Records section start

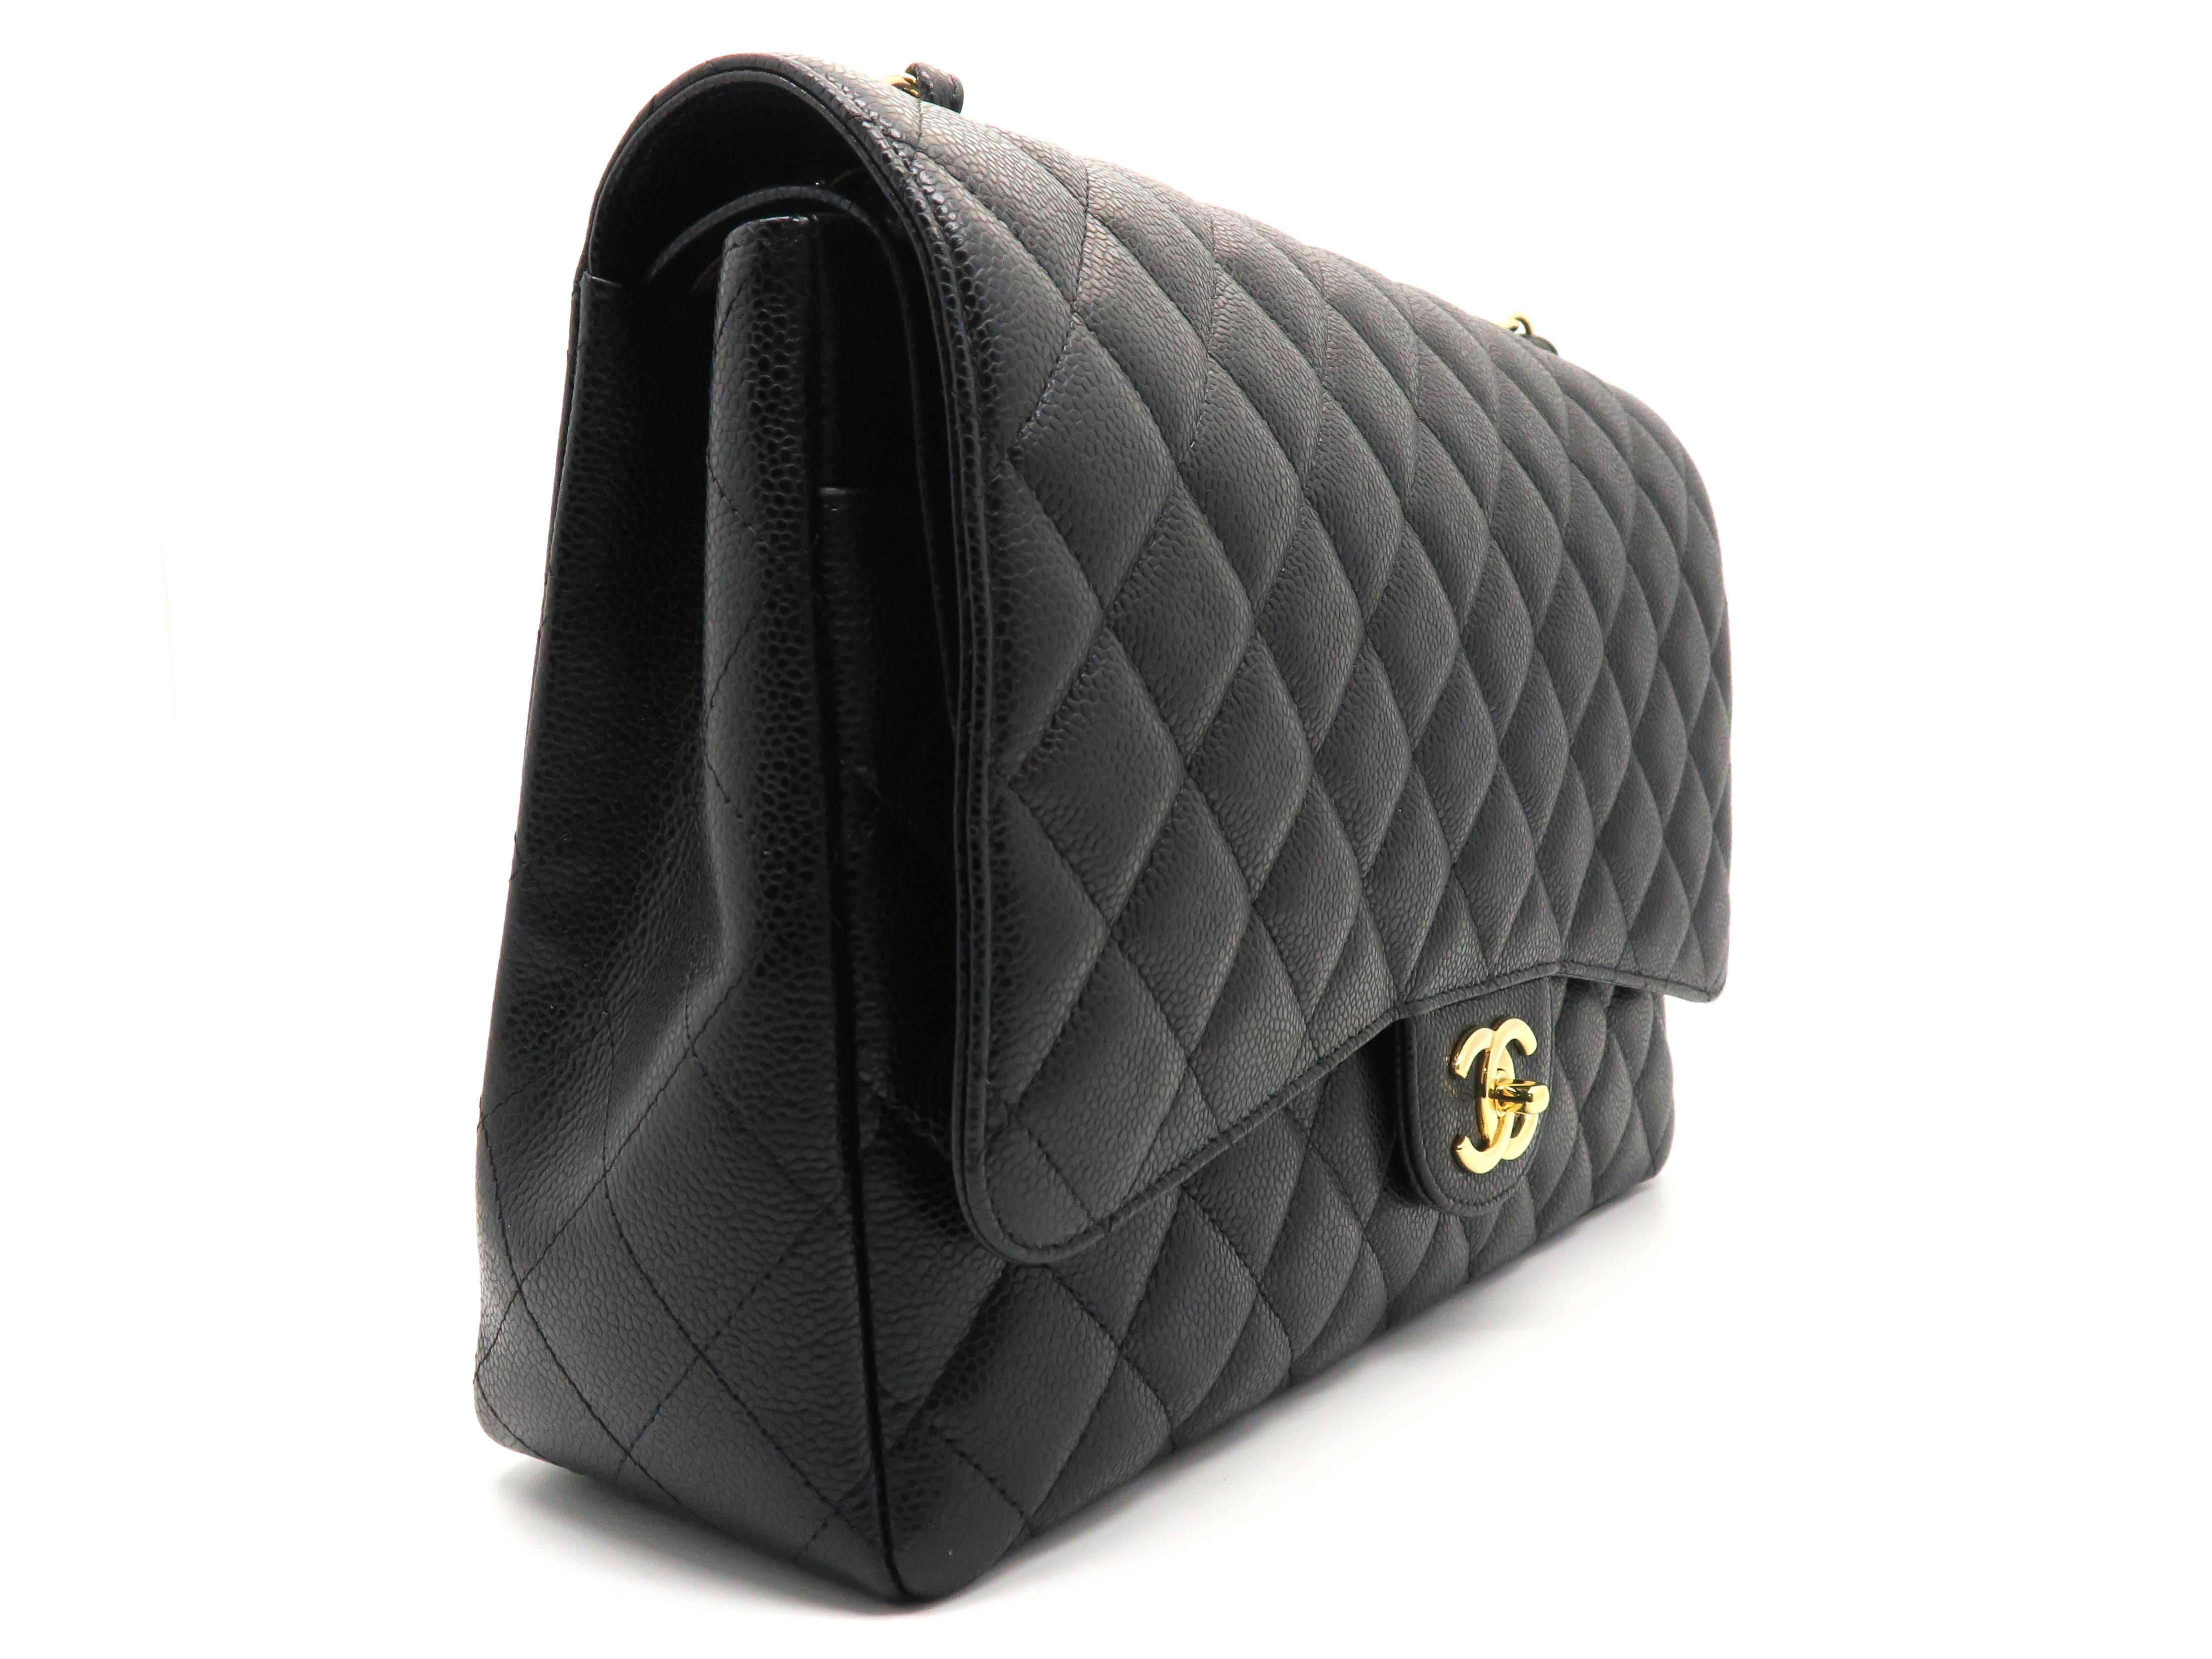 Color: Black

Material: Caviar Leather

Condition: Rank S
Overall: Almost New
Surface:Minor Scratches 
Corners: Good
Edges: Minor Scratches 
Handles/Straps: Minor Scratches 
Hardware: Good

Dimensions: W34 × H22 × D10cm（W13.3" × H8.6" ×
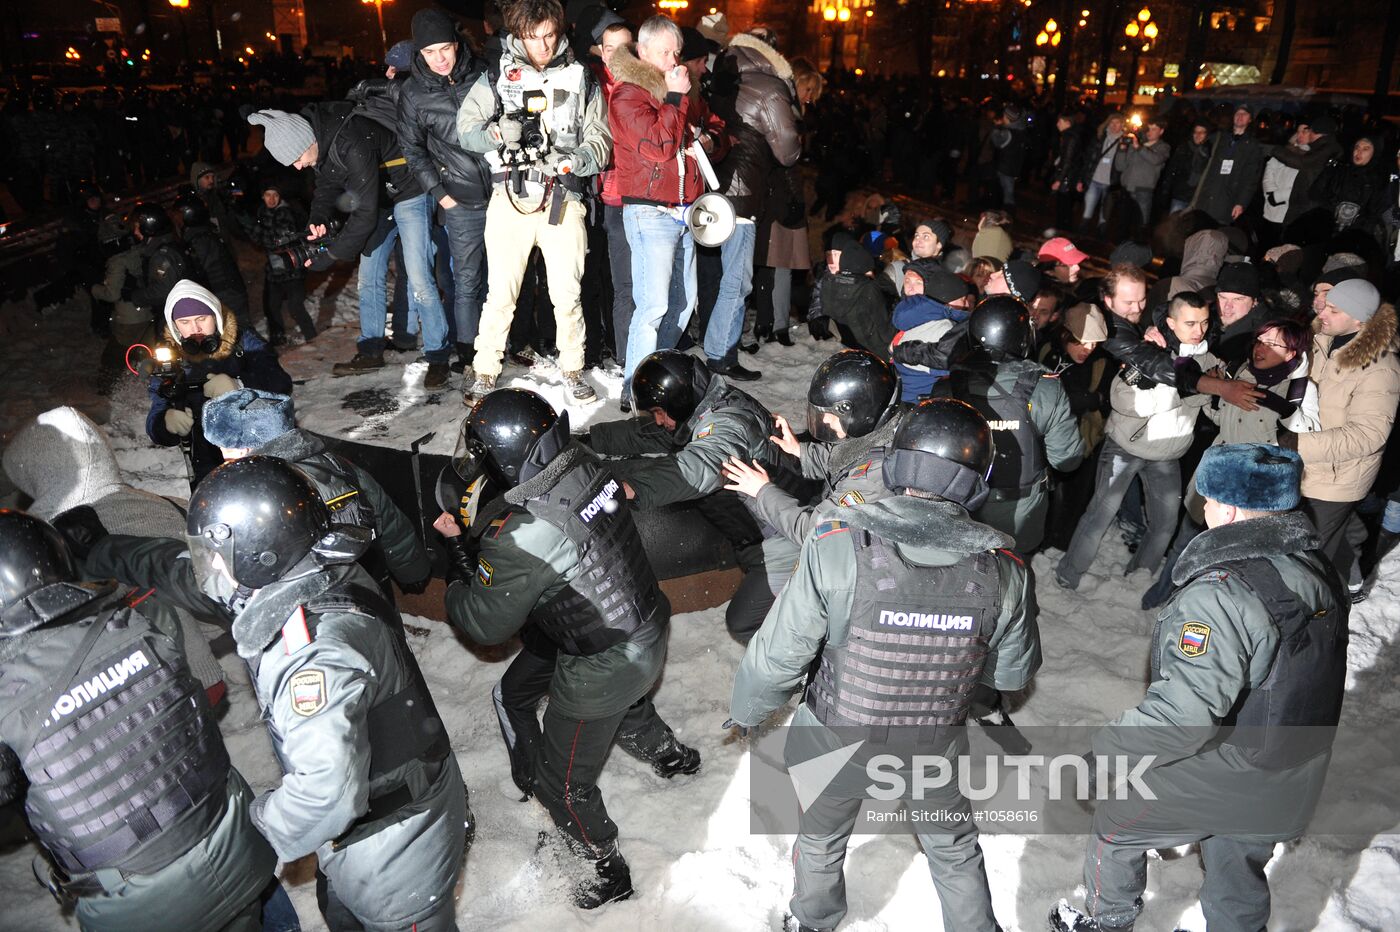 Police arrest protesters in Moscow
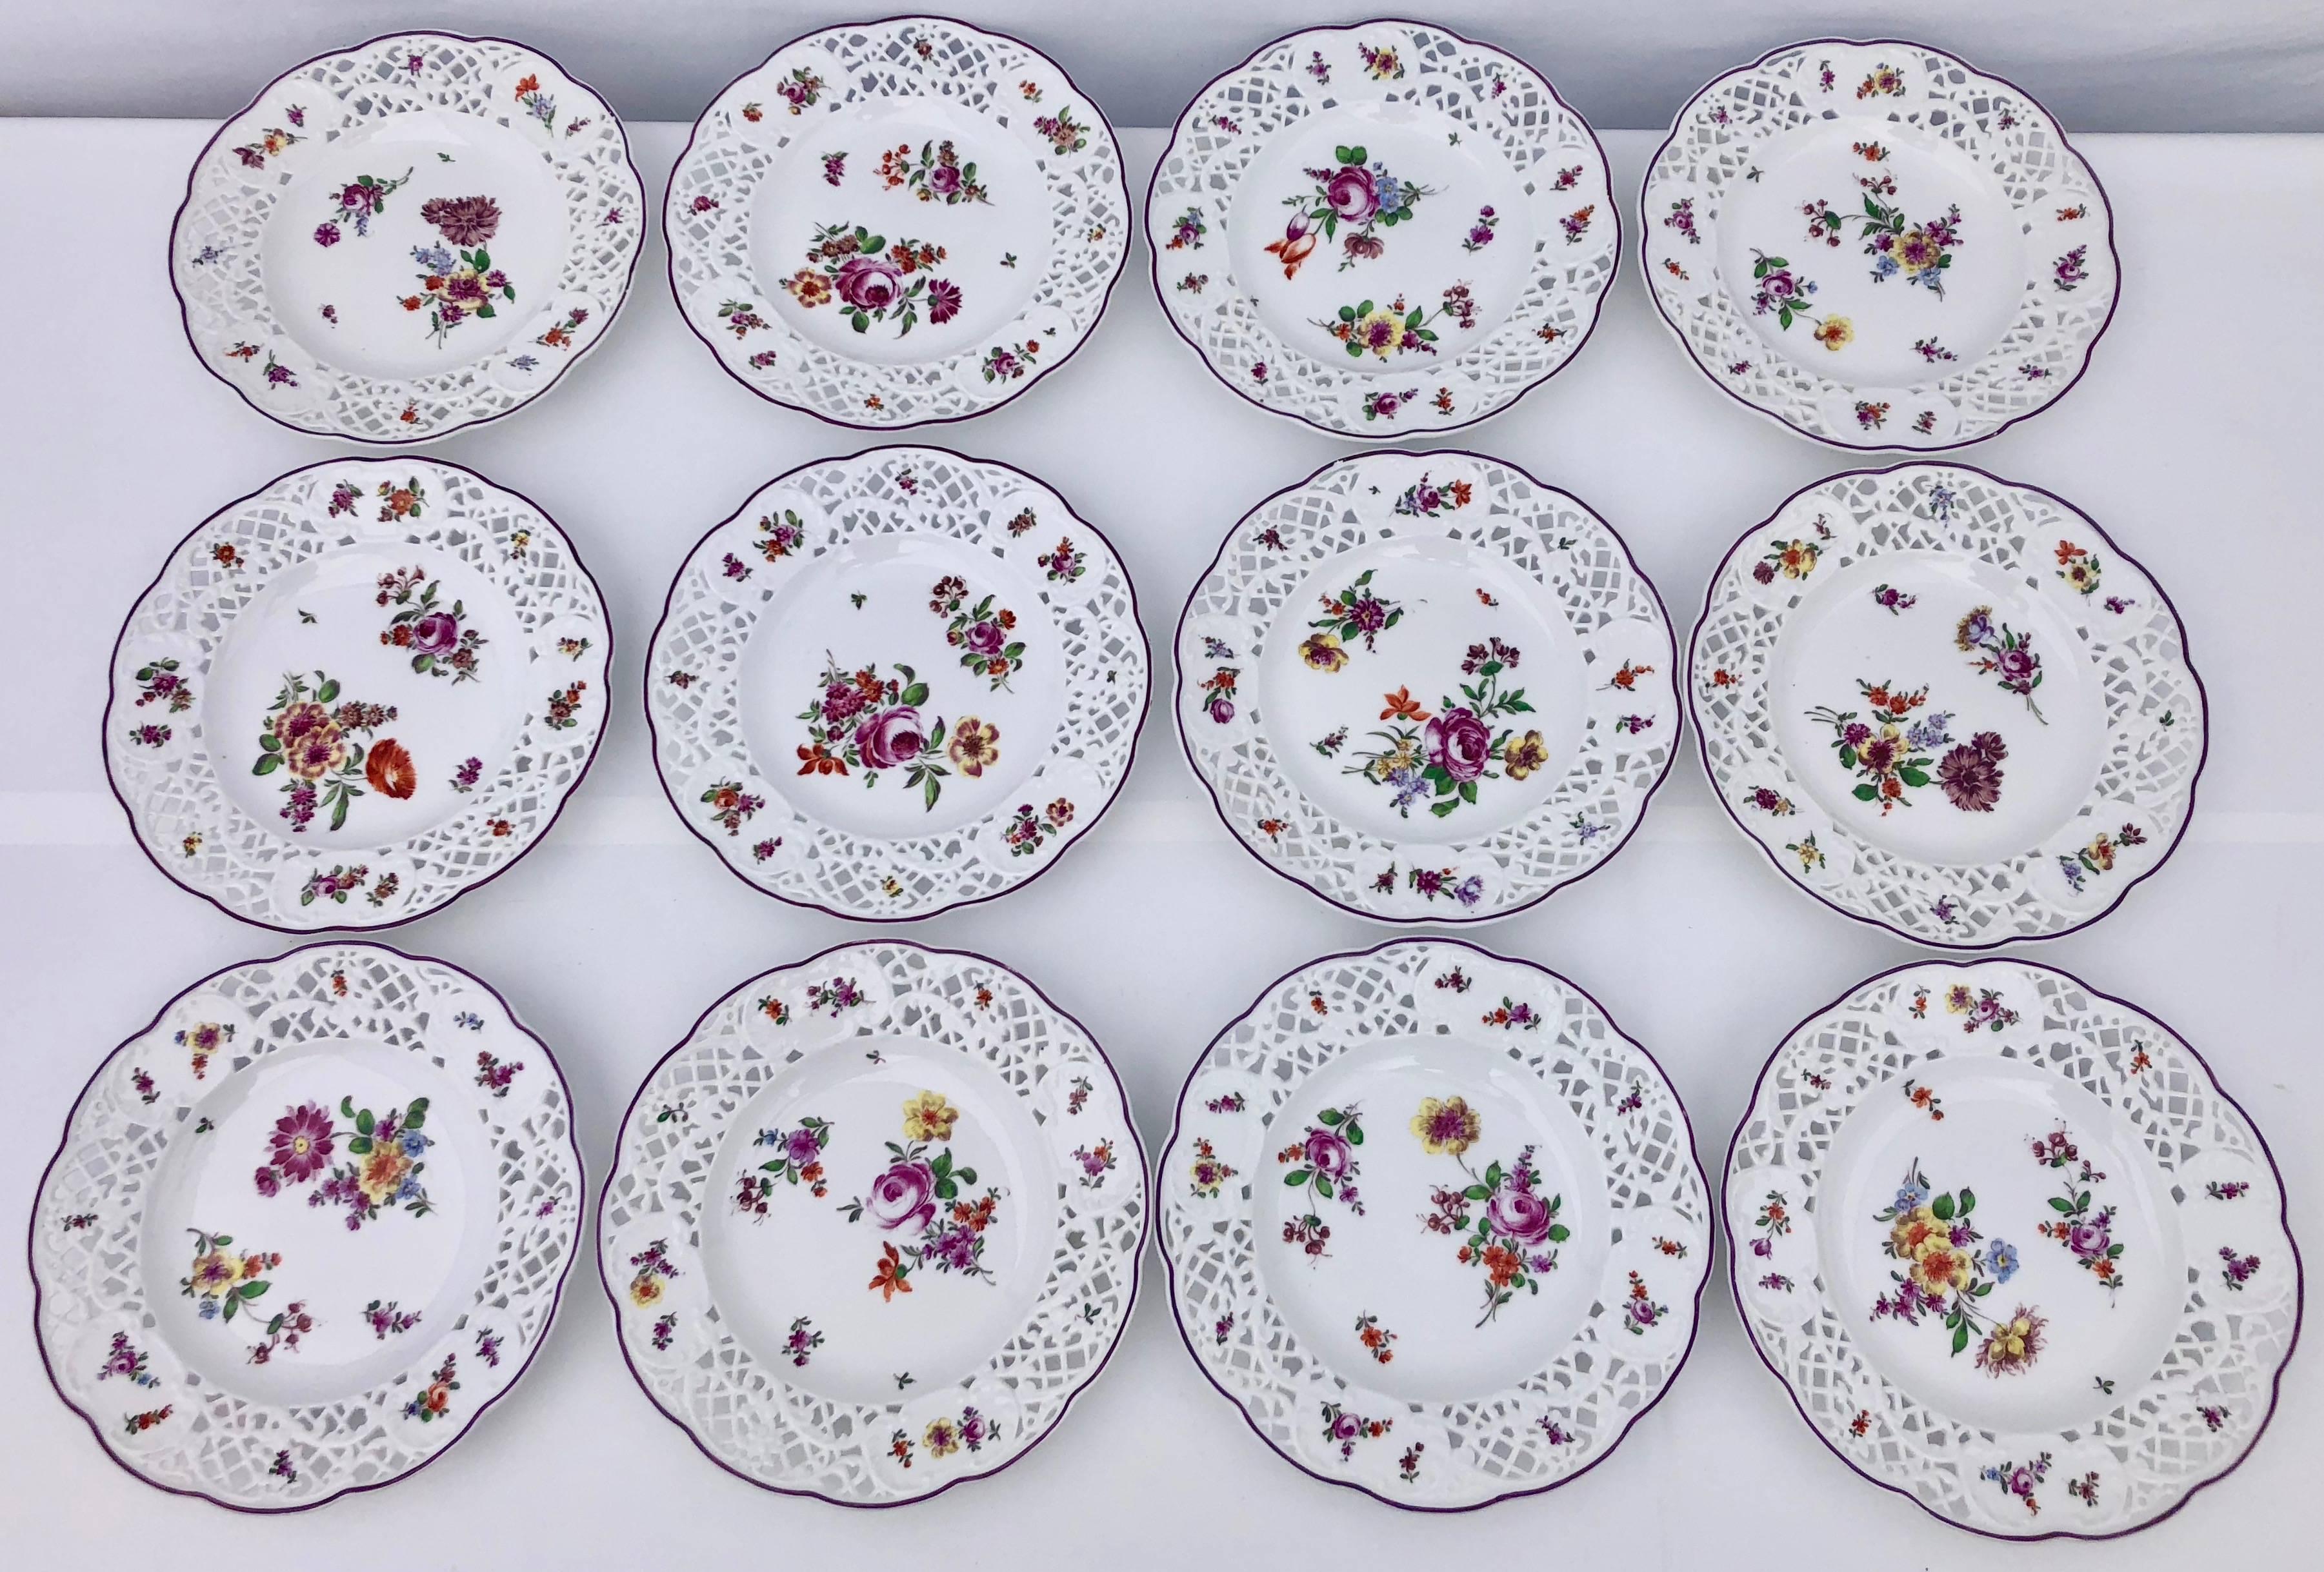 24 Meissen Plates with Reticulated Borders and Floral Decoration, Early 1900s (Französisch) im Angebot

Records section end

Required work → From the first line above to the last, copy the records exactly but omit the pictures.

Written solution →
 Color: Black

Material: Caviar Leather

Condition: Rank S
Overall: Almost New
Surface:Minor Scratches 
Corners: Good
Edges: Minor Scratches 
Handles/Straps: Minor Scratches 
Hardware: Good

Dimensions: W34 × H22 × D10cm（W13.3" × H8.6" ×
 Police arrest protesters in Moscow
 24 Meissen Plates with Reticulated Borders and Floral Decoration, Early 1900s (Französisch) im Angebot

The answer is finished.